Severability. If any part of this Option Agreement or the Plan is declared by any court or governmental authority to be unlawful or invalid, such unlawfulness or invalidity will not invalidate any portion of this Option Agreement or the Plan not declared to be unlawful or invalid. Any Section of this Option Agreement (or part of such a Section) so declared to be unlawful or invalid will, if possible, be construed in a manner which will give effect to the terms of such Section or part of a Section to the fullest extent possible while remaining lawful and valid

OTHER DOCUMENTS. You hereby acknowledge receipt of or the right to receive a document providing the information required by Rule 428(b)(1) promulgated under the Securities

 

 


Act, which includes the Prospectus. “Prospectus” means the document containing the Plan information specified in Section 10(a) of the Securities Act. In addition, you acknowledge receipt of the Company’s Trading Policy.

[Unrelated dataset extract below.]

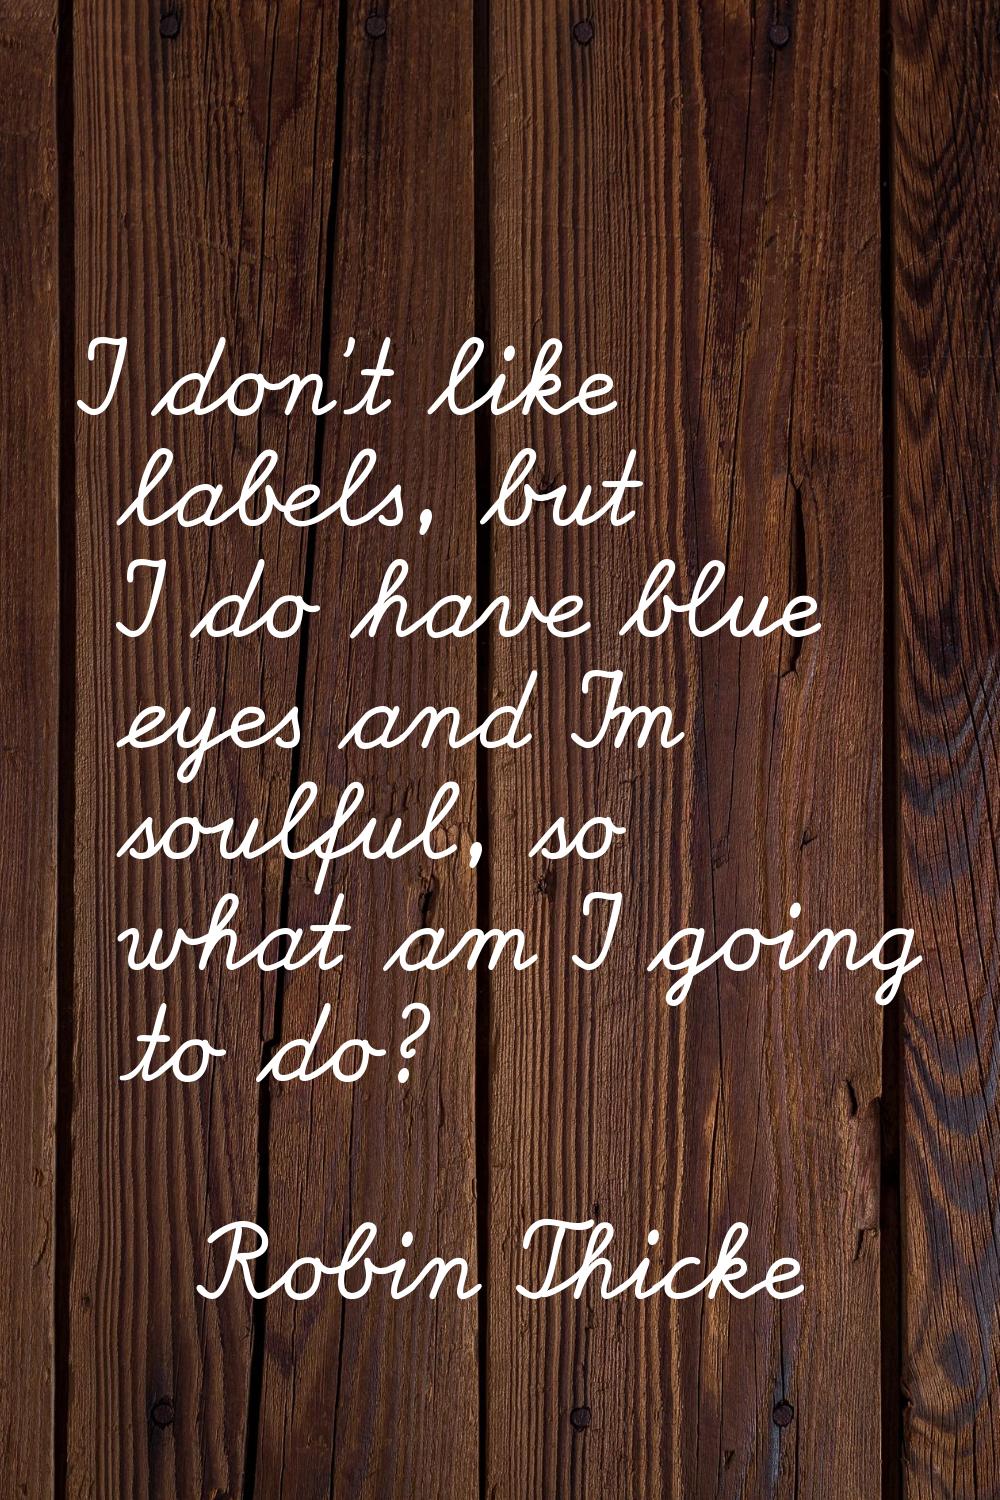 I don't like labels, but I do have blue eyes and I'm soulful, so what am I going to do?

QUESTIONS. If you have questions regarding these or any other terms and conditions applicable to your Option, including a summary of the applicable federal income tax consequences please see the Prospectus.

Exercise Restriction for Non-Exempt Employees. If you are an Employee

eligible for overtime compensation under the Fair Labor Standards Act of 1938, as amended (that is, a “Non-Exempt Employee”), and except as otherwise provided in the Plan, you may not exercise your option until you have completed at least six months of Continuous Service measured from the Date of Grant, even if you have already been an employee for more than six months. Consistent with the provisions of the Worker Economic Opportunity Act, you may exercise your option as to any vested portion prior to such six month anniversary in the case of (i) your death or disability, (ii) a Corporate Transaction in which your option is not assumed, continued or substituted, (iii) a Change in Control or (iv) your termination of Continuous Service on your “retirement” (as defined in the Company’s benefit plans).